___ Listed records

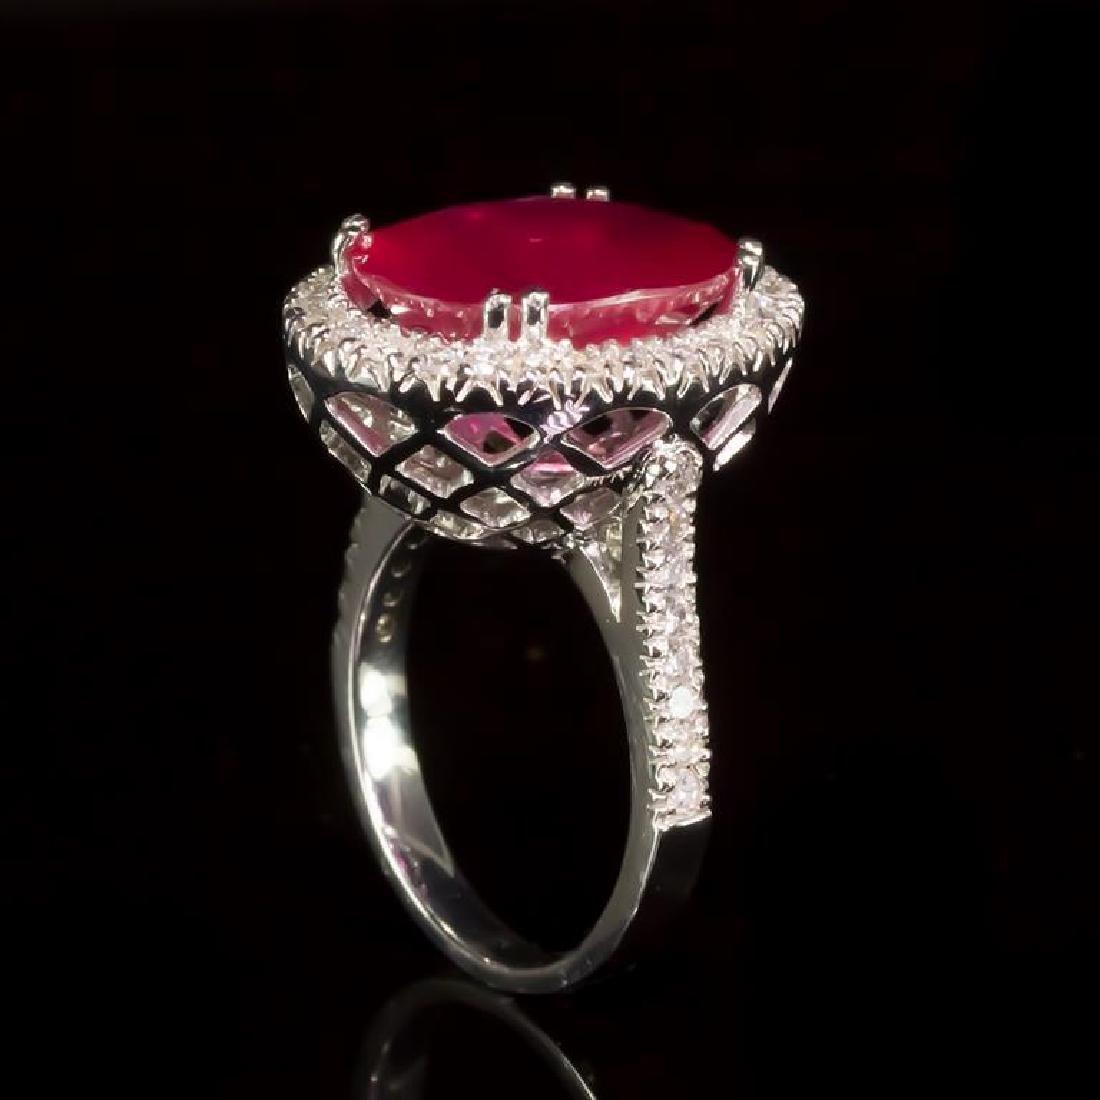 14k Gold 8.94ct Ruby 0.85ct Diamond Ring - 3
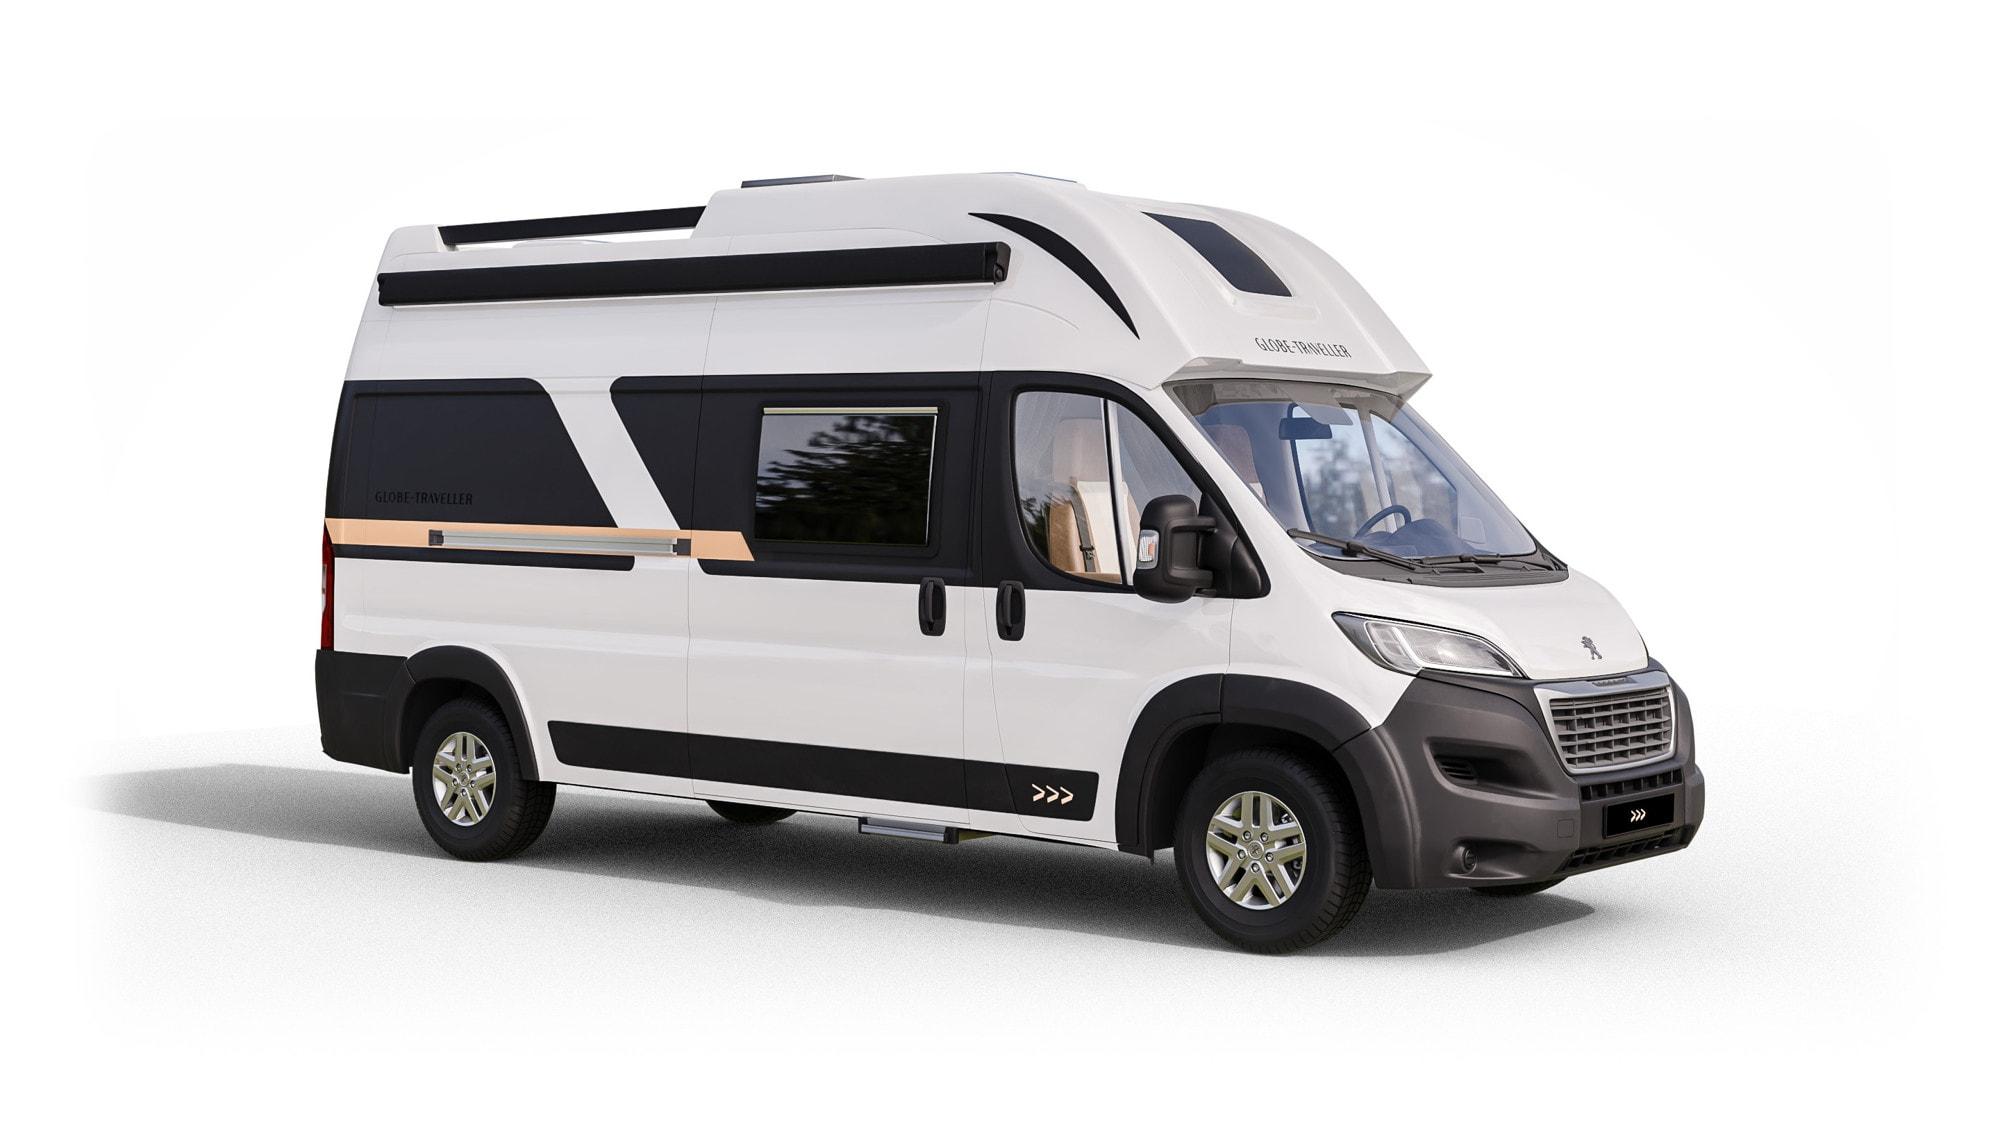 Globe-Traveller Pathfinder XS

______
___ Listed records

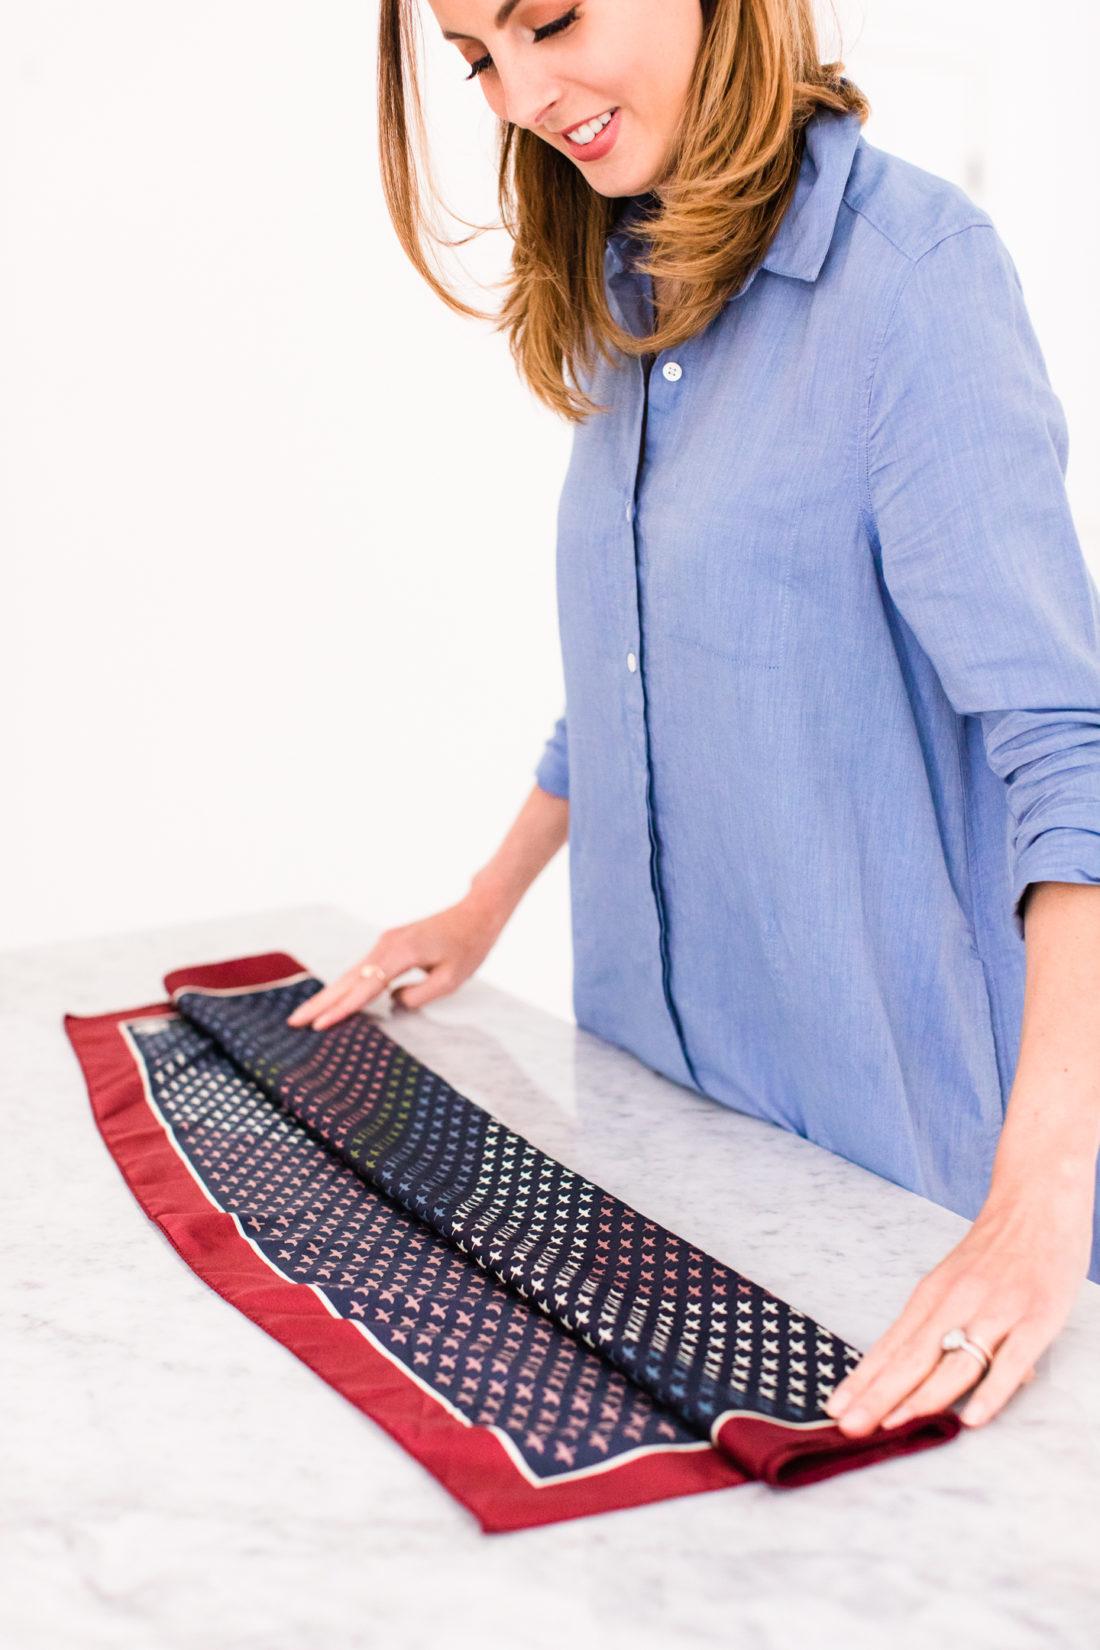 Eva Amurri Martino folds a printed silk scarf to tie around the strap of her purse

______

● **What to work on**: Reproduce the listing above only between the lines holding "14k Gold 8.94ct Ruby 0.85ct Diamond Ring - 3" and "Globe-Traveller Pathfinder XS", inclusive. Every line must match exactly, and pictures are dropped.

● **Response to this exercise**:
 14k Gold 8.94ct Ruby 0.85ct Diamond Ring - 3
 Globe-Traveller Pathfinder XS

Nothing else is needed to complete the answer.